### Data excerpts

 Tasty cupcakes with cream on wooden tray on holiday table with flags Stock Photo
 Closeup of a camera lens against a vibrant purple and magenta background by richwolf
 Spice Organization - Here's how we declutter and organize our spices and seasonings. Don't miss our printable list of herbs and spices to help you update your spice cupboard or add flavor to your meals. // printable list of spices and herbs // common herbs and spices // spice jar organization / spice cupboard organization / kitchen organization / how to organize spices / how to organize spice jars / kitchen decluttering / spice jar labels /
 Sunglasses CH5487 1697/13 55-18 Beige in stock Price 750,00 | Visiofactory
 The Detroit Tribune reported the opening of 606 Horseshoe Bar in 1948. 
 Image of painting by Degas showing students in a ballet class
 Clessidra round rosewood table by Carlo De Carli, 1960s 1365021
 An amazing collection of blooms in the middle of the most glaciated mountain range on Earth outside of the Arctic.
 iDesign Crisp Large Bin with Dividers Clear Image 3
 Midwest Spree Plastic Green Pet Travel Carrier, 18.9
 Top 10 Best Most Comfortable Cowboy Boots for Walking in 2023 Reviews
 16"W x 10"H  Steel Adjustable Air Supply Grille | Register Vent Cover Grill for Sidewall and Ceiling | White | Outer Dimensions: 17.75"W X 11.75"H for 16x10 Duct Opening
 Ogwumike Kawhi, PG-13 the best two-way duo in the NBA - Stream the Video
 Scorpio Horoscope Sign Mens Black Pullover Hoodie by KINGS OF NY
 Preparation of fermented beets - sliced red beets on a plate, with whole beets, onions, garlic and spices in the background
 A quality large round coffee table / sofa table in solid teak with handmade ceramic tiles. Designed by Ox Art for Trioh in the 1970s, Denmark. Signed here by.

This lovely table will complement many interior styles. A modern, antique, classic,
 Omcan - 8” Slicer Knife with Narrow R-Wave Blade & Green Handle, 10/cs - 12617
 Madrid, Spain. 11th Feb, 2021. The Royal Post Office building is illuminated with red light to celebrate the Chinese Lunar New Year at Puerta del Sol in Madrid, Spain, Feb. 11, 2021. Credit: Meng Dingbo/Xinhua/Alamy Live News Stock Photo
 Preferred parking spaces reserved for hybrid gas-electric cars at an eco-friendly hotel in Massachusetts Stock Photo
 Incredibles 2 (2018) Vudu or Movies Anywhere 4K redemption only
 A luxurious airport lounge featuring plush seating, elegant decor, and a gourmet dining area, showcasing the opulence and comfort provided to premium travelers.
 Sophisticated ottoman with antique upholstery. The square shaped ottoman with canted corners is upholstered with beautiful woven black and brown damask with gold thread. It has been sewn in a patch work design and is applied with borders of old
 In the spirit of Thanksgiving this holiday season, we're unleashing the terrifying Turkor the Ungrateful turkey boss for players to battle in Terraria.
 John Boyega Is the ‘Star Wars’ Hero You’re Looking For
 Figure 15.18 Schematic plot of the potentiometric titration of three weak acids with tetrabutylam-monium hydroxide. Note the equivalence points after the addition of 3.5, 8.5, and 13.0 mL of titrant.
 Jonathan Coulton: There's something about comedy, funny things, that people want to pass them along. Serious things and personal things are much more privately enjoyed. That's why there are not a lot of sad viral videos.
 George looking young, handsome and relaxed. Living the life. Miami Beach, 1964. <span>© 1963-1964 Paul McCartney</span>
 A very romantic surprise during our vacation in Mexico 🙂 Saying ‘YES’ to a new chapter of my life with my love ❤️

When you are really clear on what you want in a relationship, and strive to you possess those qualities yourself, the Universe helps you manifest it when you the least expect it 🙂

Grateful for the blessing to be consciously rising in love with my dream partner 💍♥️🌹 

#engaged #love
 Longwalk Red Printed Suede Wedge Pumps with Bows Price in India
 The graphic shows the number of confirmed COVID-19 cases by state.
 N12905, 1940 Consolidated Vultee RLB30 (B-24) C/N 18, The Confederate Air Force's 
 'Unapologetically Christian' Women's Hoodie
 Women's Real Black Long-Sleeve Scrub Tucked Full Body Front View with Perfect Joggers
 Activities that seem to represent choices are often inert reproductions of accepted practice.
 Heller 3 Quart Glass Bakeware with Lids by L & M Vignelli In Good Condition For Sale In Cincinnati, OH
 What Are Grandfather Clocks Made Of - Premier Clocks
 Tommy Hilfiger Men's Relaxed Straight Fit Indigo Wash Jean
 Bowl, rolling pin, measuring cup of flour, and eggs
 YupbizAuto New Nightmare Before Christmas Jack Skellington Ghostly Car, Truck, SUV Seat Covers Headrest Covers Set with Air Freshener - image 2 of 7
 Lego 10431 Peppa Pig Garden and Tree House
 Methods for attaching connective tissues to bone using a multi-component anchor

### Your objective
Your answer must consist solely of the lines above between the line holding "In the spirit" and the line holding "Figure 15.18 Schematic", inclusive, copied exactly.

### Exercise solution
 In the spirit of Thanksgiving this holiday season, we're unleashing the terrifying Turkor the Ungrateful turkey boss for players to battle in Terraria.
 John Boyega Is the ‘Star Wars’ Hero You’re Looking For
 Figure 15.18 Schematic plot of the potentiometric titration of three weak acids with tetrabutylam-monium hydroxide. Note the equivalence points after the addition of 3.5, 8.5, and 13.0 mL of titrant.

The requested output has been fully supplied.